Pseudo-games

This class of games we first examine are games that turn out to be jokes. The outcomes of these pseudo games do not depend on the play proceeds. For this reason, the solution of such a pseudo-game does not consist of a winning strategy, but of a proof that one or the other of the two players will always win.

Problem1. Two children take turns breaking up a rectangular chocolate bar 6 squares wide by 8 squares long. They may break the bar only along the divisions between the squares. If the bar breaks into several peaces, they keep breaking the pieces up until only the individual squares remain. The player who cannot make a break loses the game. Who will win?

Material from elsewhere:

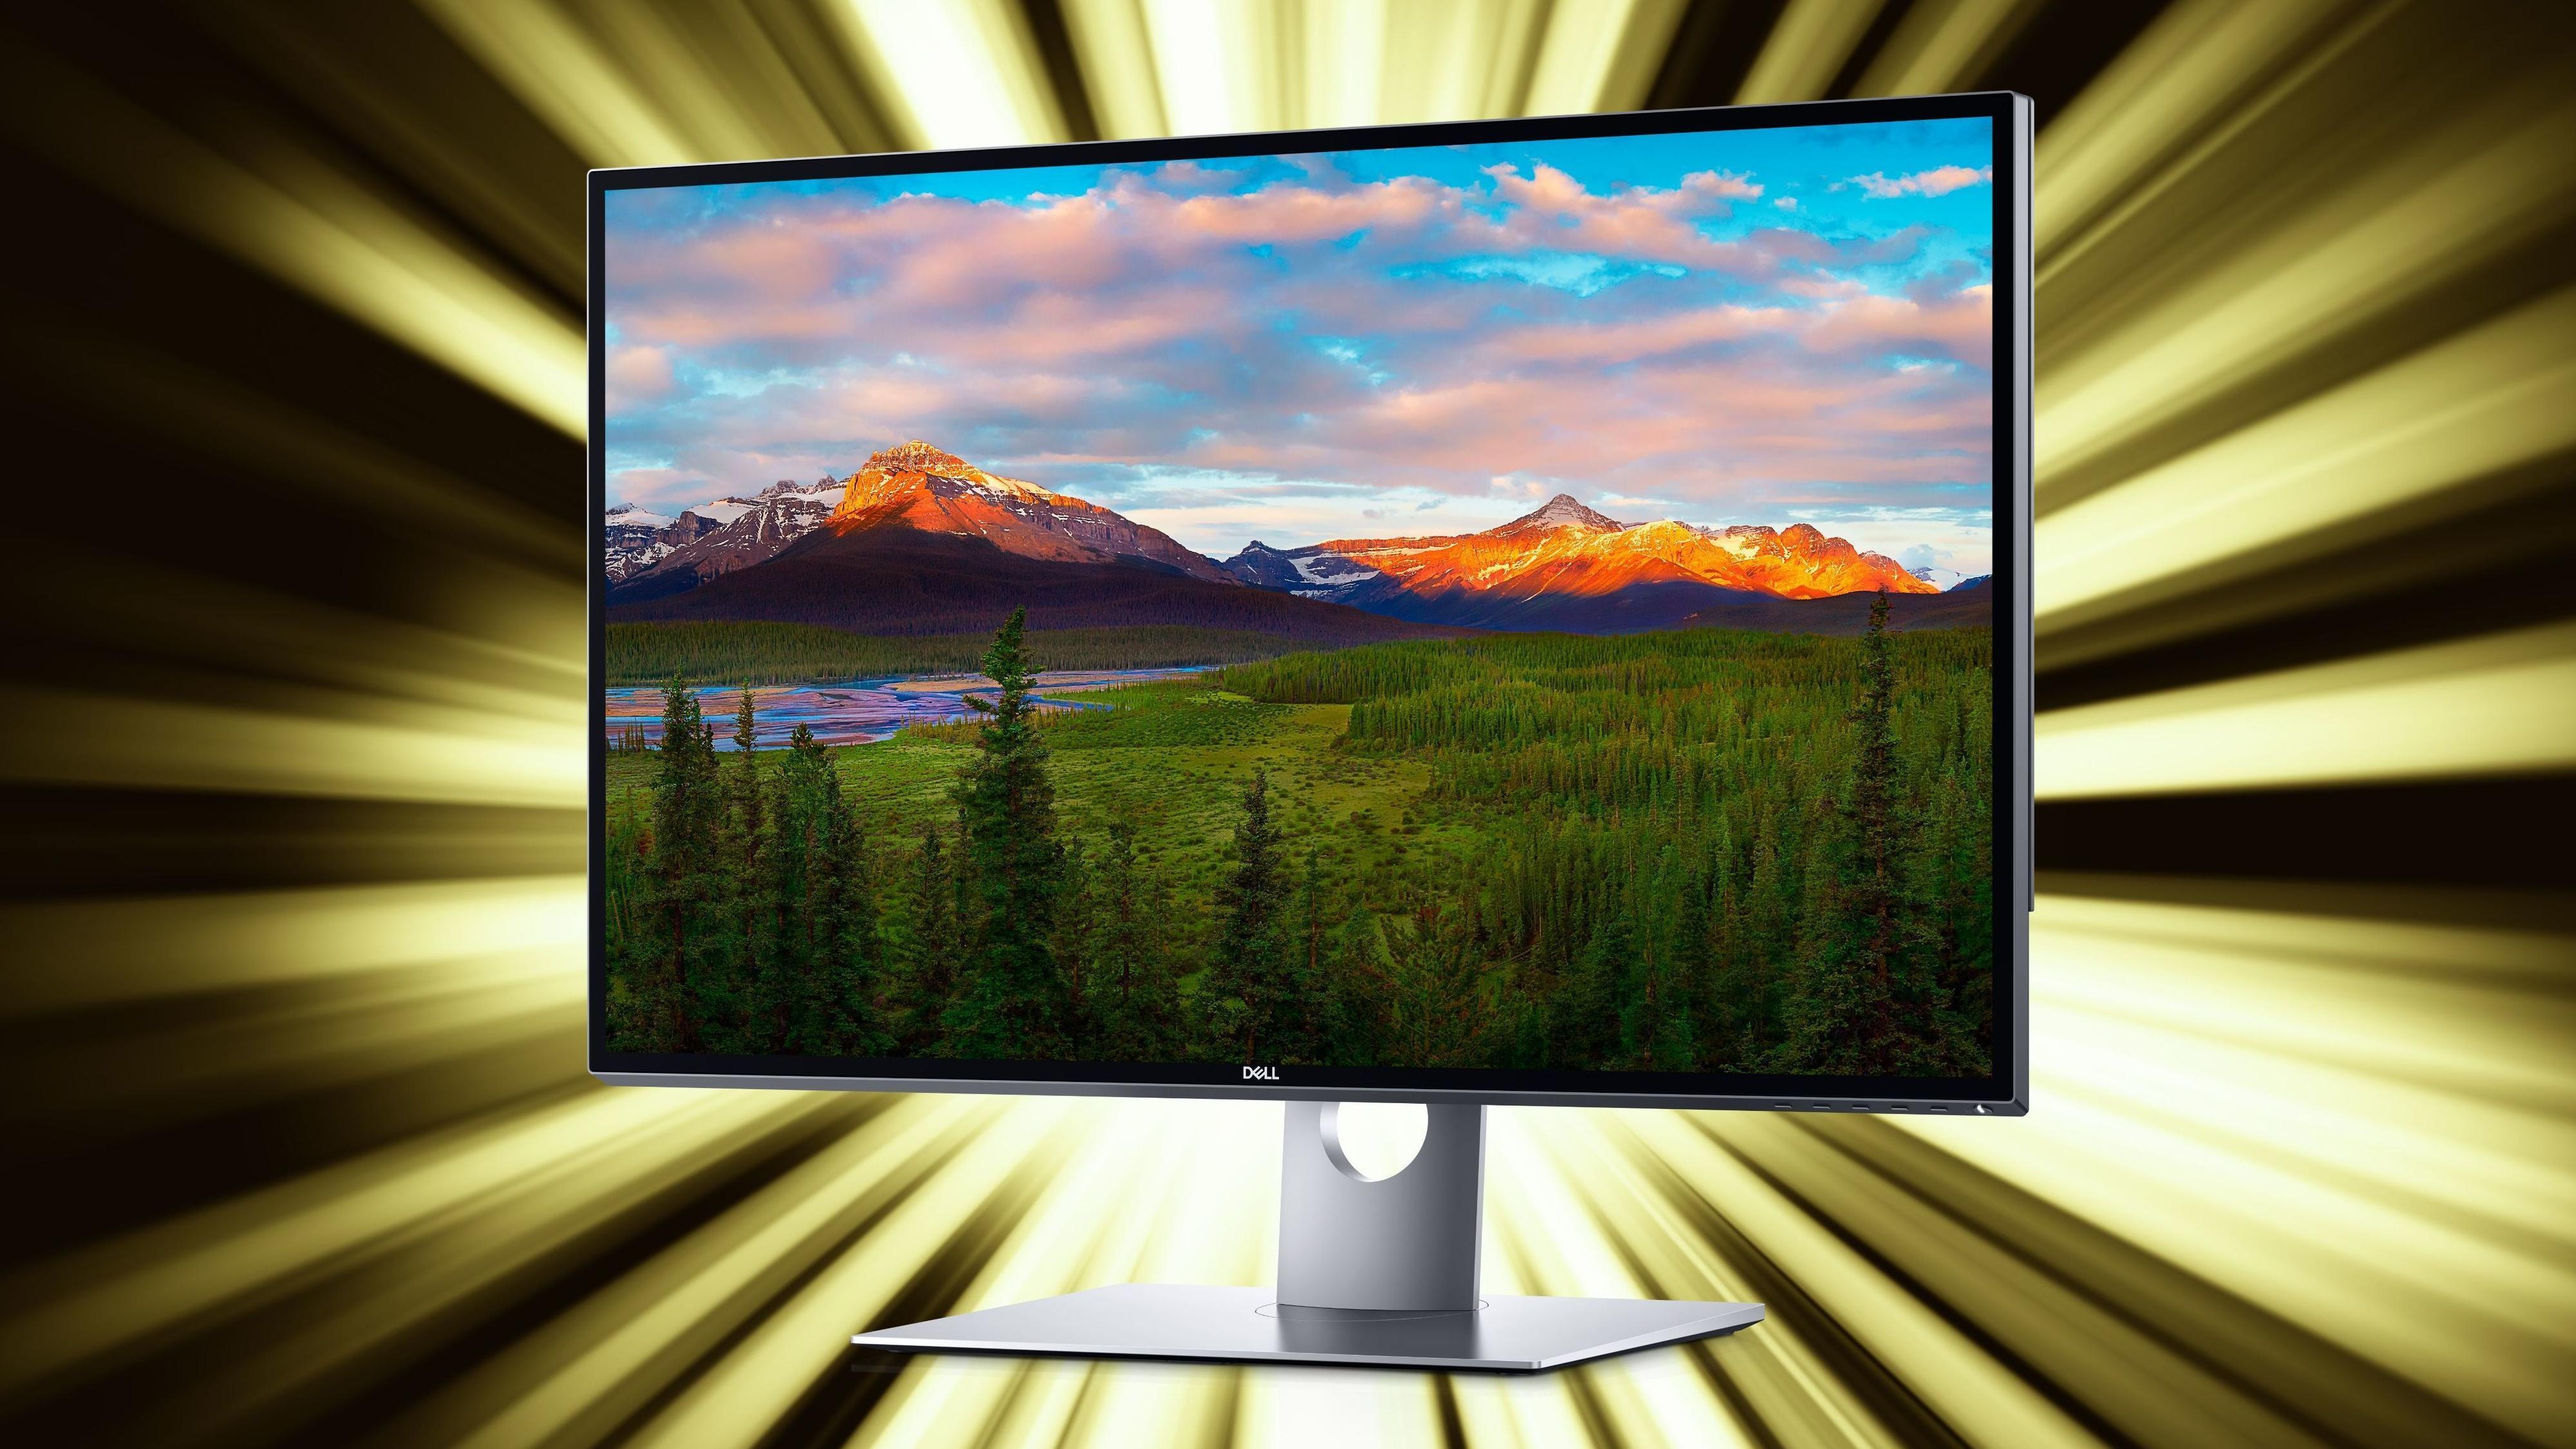 Dells nye skjermbeist kan vise over en milliard farger

Solution. After each move, the number of the pieces increases by one. At first, there is only one piece. At the end of the game, when no more moves are possible, the chocolate is divided into small squares ant there are 48 of these. So there must have been 47 moves of which the last, as well as every other odd-numbered move, was made by the first player. Therefore, the first player will win, no matter how the play proceeds.

Problem2. There are three piles of stones: one with 10 stones, one with 15 stones and one with 20. At each turn a player can choose one of the piles and divide it into two smallest piles. The looser is the player who cannot do this. Who will win and how?

Problem3. Two players take turns placing rooks on a chessboard so that they cannot capture each other. The loser is the player who cannot place a rook. Who will win?